*** RECORDS PROVIDED Section Begins ***

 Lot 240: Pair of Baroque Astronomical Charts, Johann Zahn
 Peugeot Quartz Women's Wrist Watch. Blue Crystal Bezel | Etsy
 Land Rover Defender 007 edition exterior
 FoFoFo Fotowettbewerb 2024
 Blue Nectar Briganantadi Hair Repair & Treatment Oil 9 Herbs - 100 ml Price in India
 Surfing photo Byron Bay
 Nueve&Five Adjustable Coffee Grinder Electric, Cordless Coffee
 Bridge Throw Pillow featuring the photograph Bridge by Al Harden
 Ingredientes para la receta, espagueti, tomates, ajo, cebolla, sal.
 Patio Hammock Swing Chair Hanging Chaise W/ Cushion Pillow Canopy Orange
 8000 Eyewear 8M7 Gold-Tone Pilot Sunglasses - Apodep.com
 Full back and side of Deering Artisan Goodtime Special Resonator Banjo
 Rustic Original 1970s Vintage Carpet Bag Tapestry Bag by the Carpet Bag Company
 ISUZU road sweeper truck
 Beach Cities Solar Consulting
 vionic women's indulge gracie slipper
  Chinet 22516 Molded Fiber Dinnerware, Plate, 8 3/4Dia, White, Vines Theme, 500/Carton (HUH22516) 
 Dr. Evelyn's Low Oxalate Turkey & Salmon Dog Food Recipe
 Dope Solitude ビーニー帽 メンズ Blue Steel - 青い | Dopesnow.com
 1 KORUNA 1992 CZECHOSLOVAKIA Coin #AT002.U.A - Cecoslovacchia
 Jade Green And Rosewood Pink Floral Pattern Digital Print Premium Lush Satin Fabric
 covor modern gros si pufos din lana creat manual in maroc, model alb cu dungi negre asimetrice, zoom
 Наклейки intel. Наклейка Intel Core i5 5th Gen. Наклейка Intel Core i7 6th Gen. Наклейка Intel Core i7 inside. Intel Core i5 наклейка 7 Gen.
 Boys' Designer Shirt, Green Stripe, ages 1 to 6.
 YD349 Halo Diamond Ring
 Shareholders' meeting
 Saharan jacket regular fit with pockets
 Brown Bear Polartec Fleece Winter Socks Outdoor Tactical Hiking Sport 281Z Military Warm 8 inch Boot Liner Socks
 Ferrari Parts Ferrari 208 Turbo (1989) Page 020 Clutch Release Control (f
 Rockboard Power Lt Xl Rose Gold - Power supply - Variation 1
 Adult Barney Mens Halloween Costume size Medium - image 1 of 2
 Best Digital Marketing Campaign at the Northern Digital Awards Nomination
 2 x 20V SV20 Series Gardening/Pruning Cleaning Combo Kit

*** RECORDS PROVIDED Section Ends ***

TASK BRIEF:
The response must hold only the lines above from the line with "FoFoFo Fotowettbewerb 2024" through the line with "Dope Solitude ビーニー帽", each copied exactly, both ends kept.

RESPONSE AREA:
 FoFoFo Fotowettbewerb 2024
 Blue Nectar Briganantadi Hair Repair & Treatment Oil 9 Herbs - 100 ml Price in India
 Surfing photo Byron Bay
 Nueve&Five Adjustable Coffee Grinder Electric, Cordless Coffee
 Bridge Throw Pillow featuring the photograph Bridge by Al Harden
 Ingredientes para la receta, espagueti, tomates, ajo, cebolla, sal.
 Patio Hammock Swing Chair Hanging Chaise W/ Cushion Pillow Canopy Orange
 8000 Eyewear 8M7 Gold-Tone Pilot Sunglasses - Apodep.com
 Full back and side of Deering Artisan Goodtime Special Resonator Banjo
 Rustic Original 1970s Vintage Carpet Bag Tapestry Bag by the Carpet Bag Company
 ISUZU road sweeper truck
 Beach Cities Solar Consulting
 vionic women's indulge gracie slipper
  Chinet 22516 Molded Fiber Dinnerware, Plate, 8 3/4Dia, White, Vines Theme, 500/Carton (HUH22516) 
 Dr. Evelyn's Low Oxalate Turkey & Salmon Dog Food Recipe
 Dope Solitude ビーニー帽 メンズ Blue Steel - 青い | Dopesnow.com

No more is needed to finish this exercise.